Dataset section |
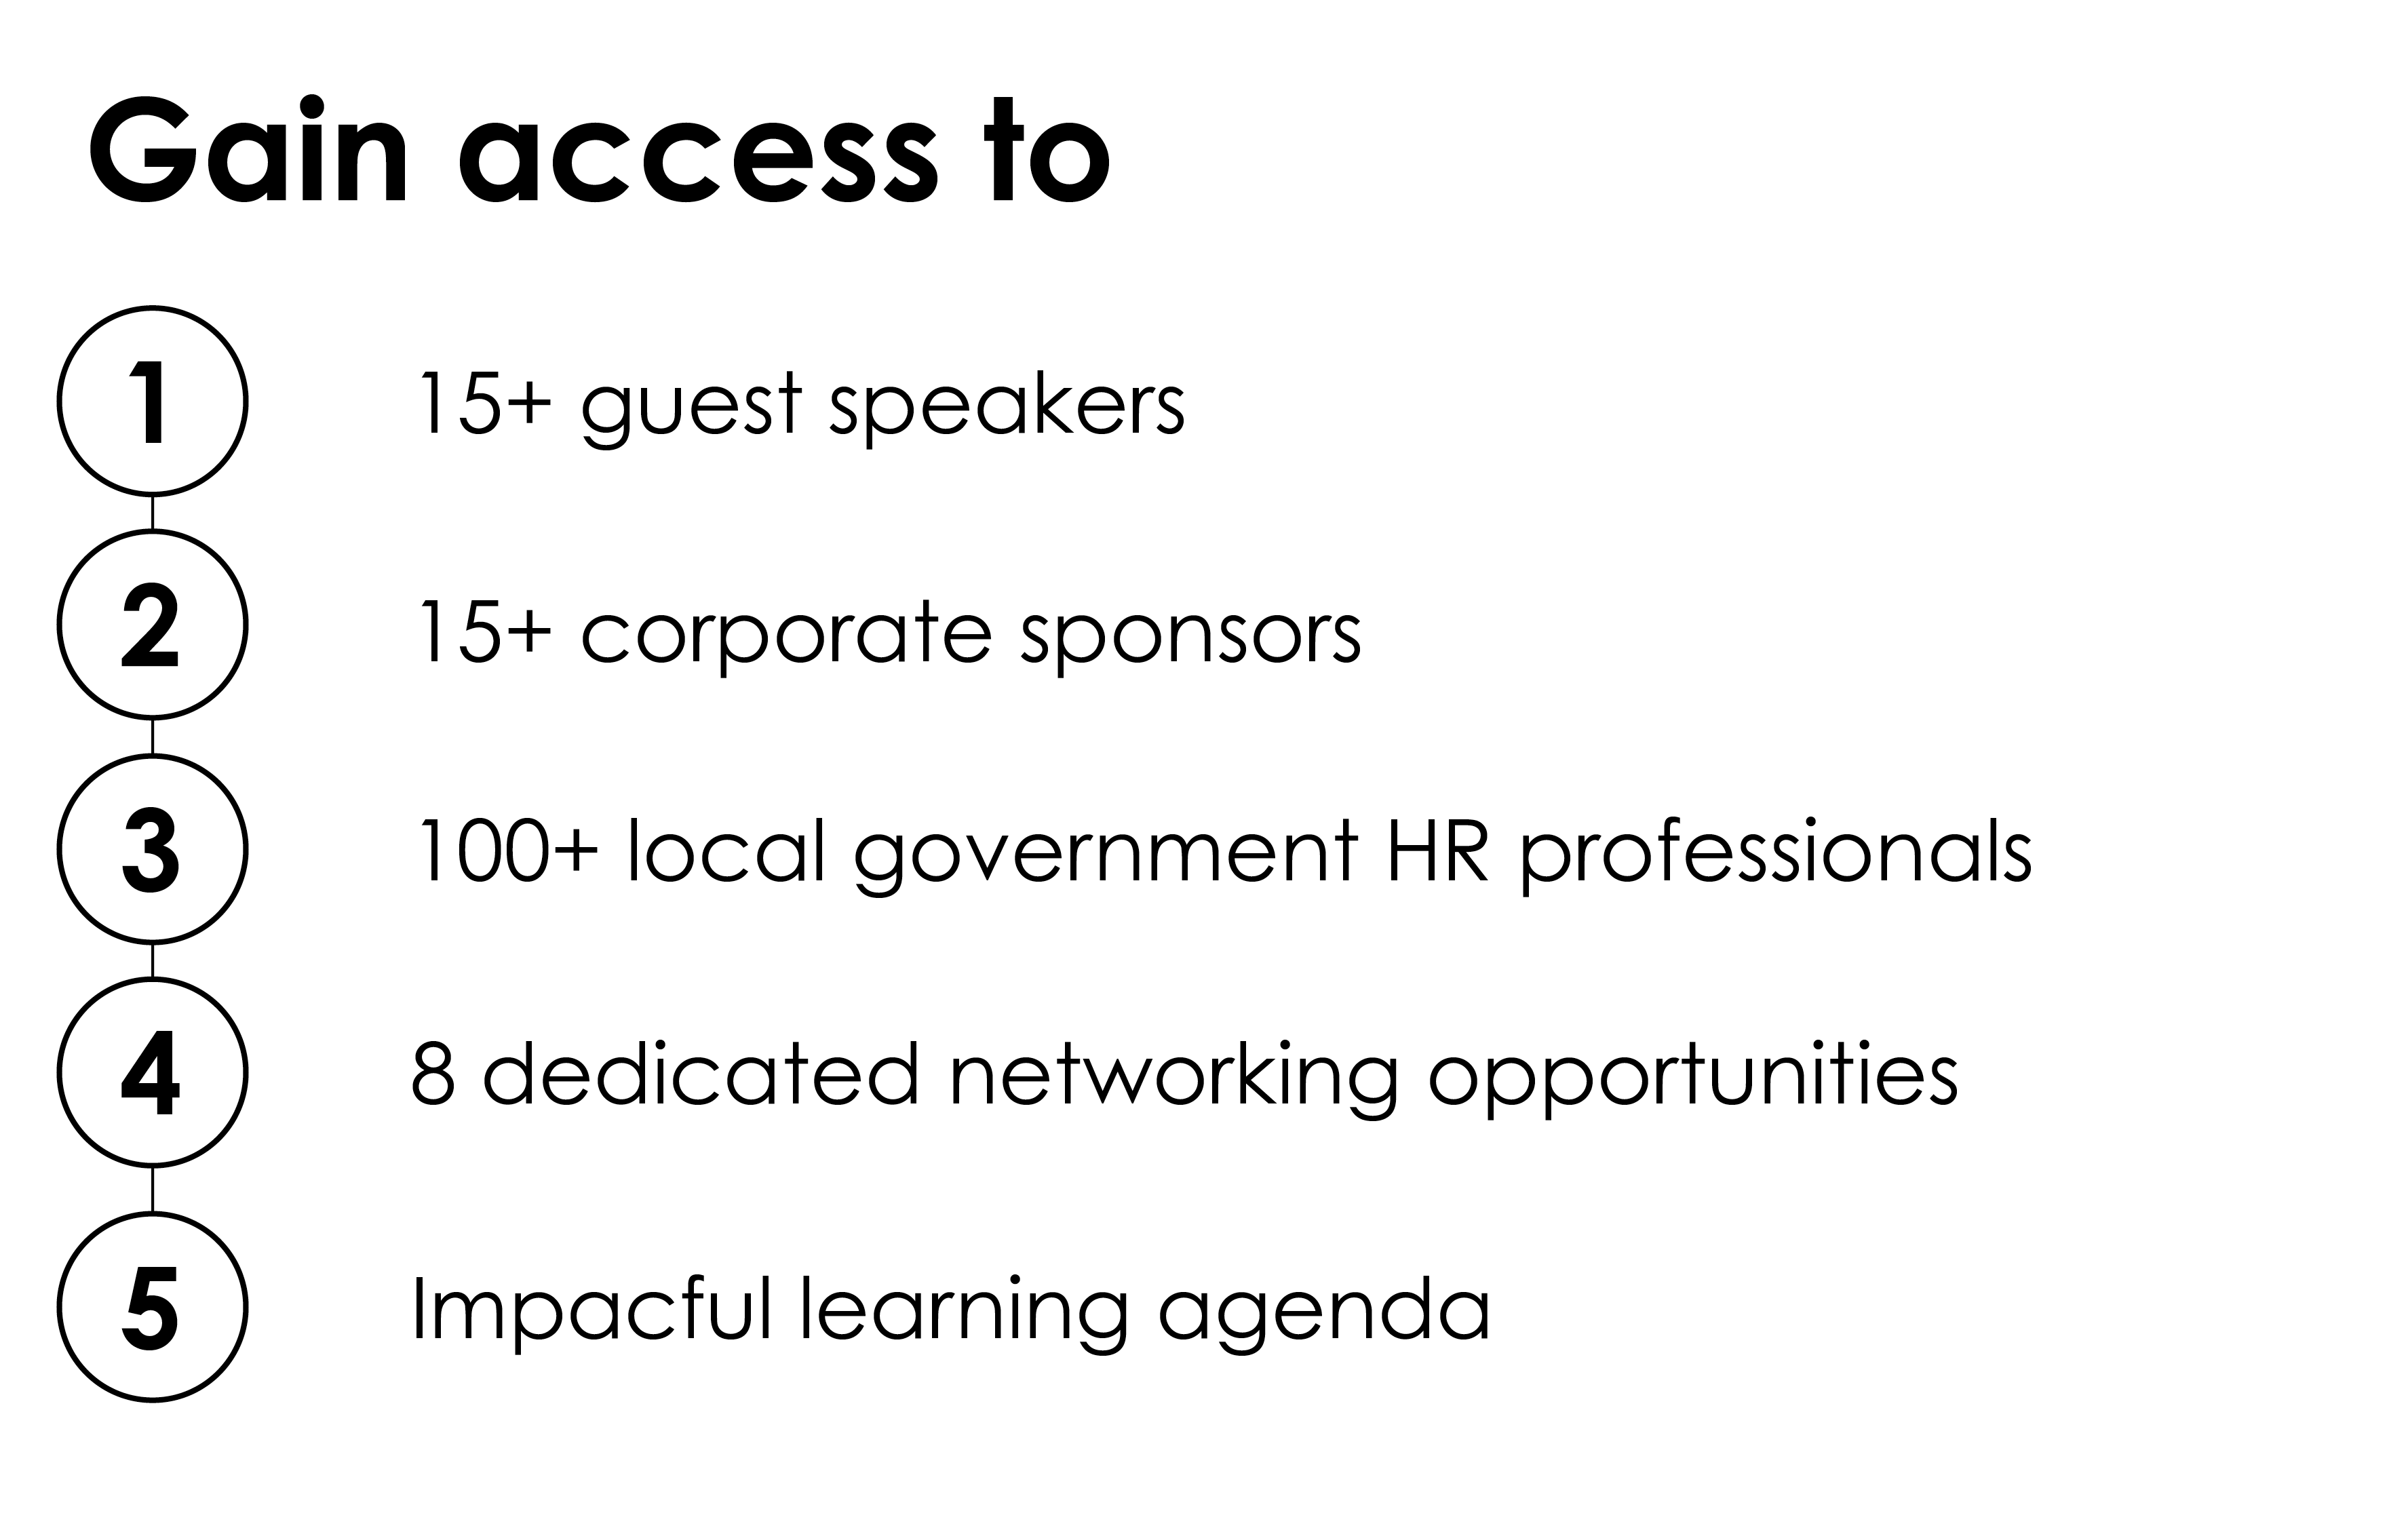 An image with five bullet points about why people should attend the event.
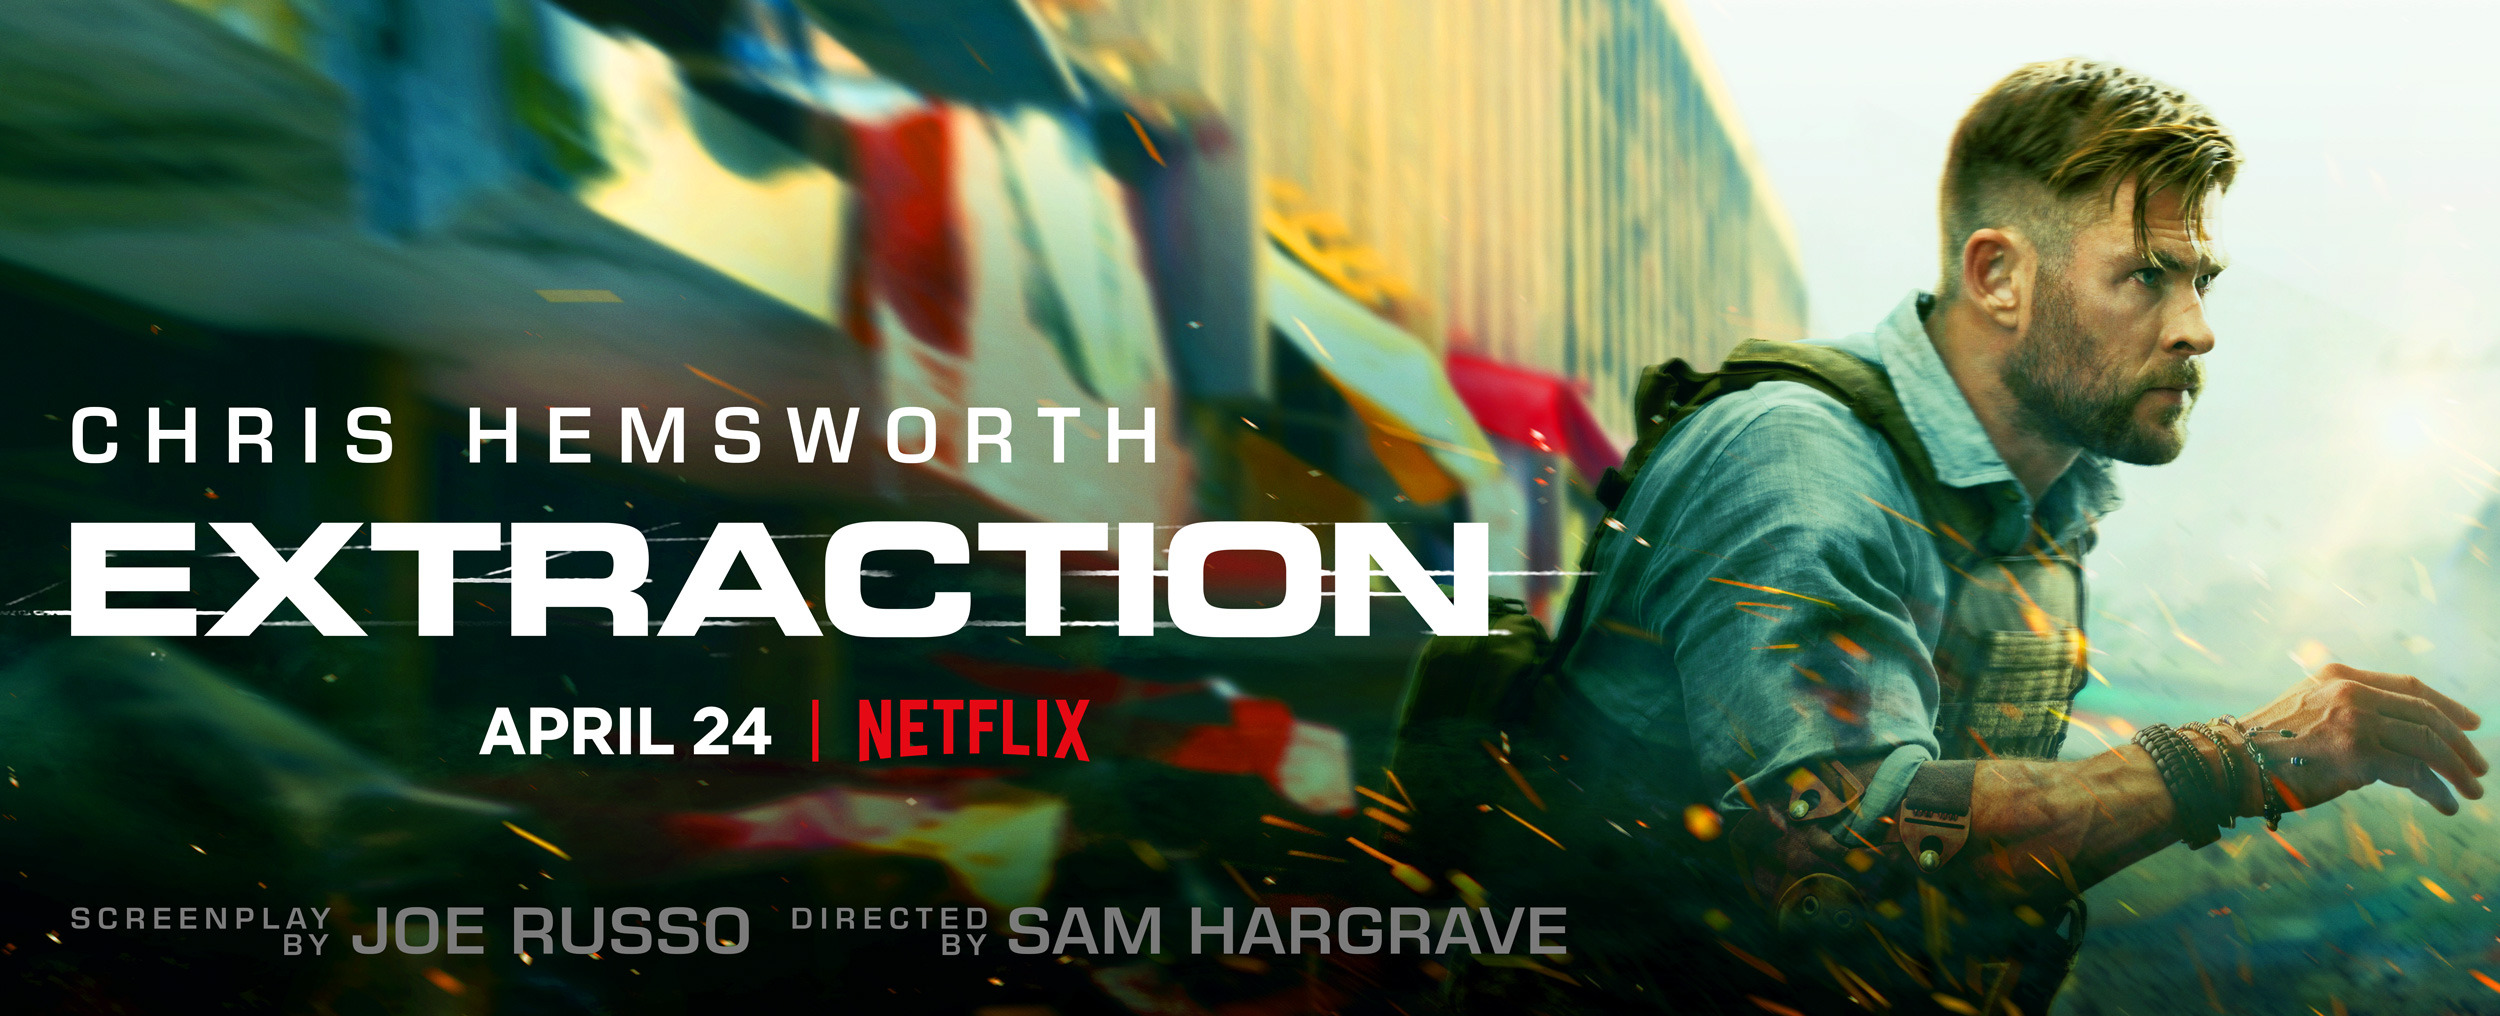 Mega Sized TV Poster Image for Extraction (#4 of 7)
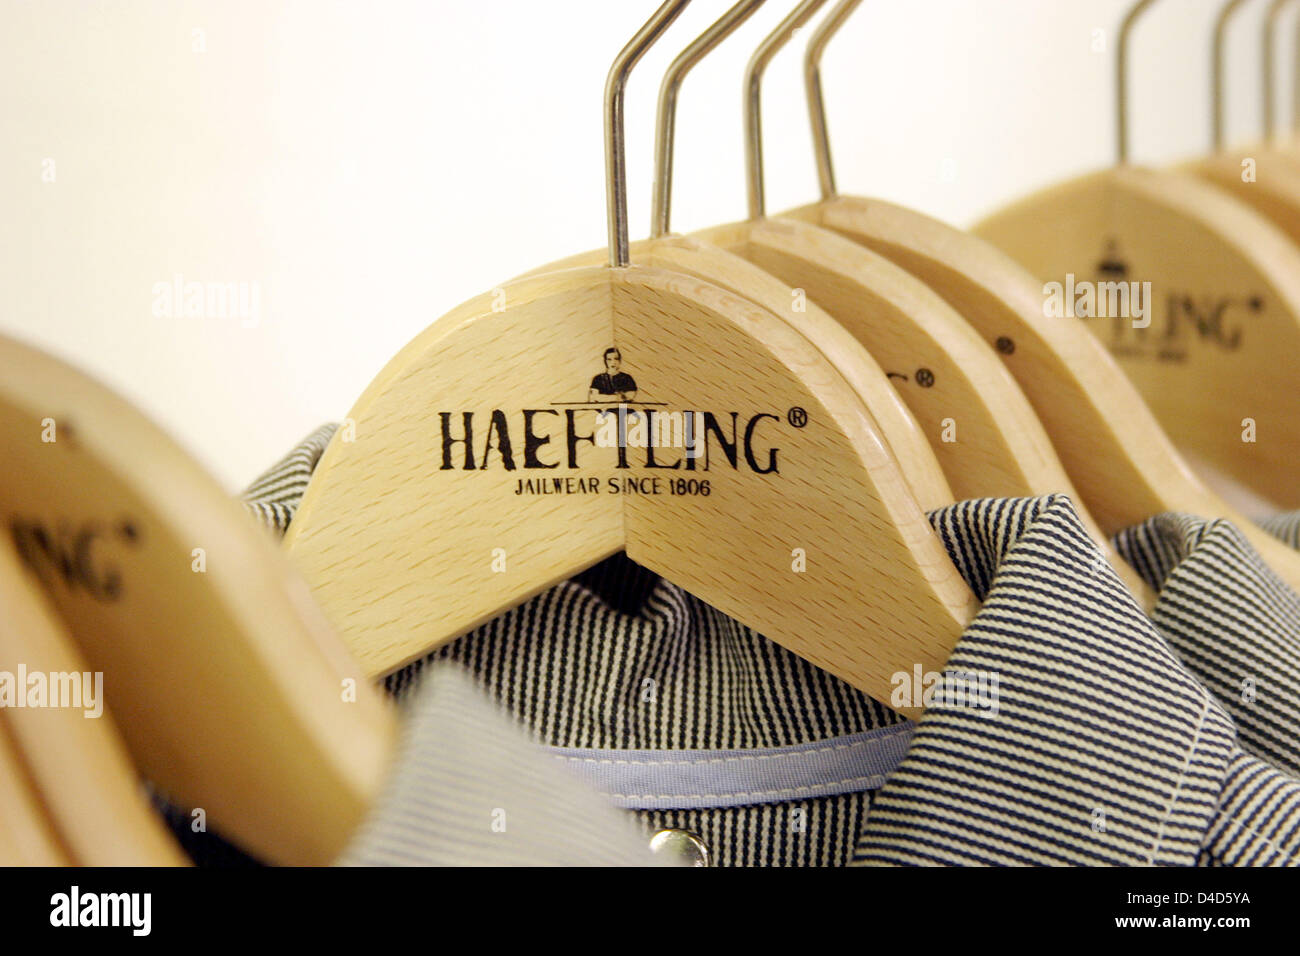 Shirts by 'Haeftling' ('Prisoner') on a hanger are for sale at the new 'Haeftling Jailwear' store in Berlin, Germany, 21 February 2008. At the shop, Stefan Bohle, brand advertiser for 'Haeftling Jailwear', sells clothing made by prisoners of the Tegel correction facility. The prisoners' collection is rugged, robust and rather colourless. Photo: Xamax Stock Photo

What you are asked to do |
Word-for-word transcription: the whole listing, with images excluded.

Solution to the exercise |
 An image with five bullet points about why people should attend the event.
 Mega Sized TV Poster Image for Extraction (#4 of 7)
 Shirts by 'Haeftling' ('Prisoner') on a hanger are for sale at the new 'Haeftling Jailwear' store in Berlin, Germany, 21 February 2008. At the shop, Stefan Bohle, brand advertiser for 'Haeftling Jailwear', sells clothing made by prisoners of the Tegel correction facility. The prisoners' collection is rugged, robust and rather colourless. Photo: Xamax Stock Photo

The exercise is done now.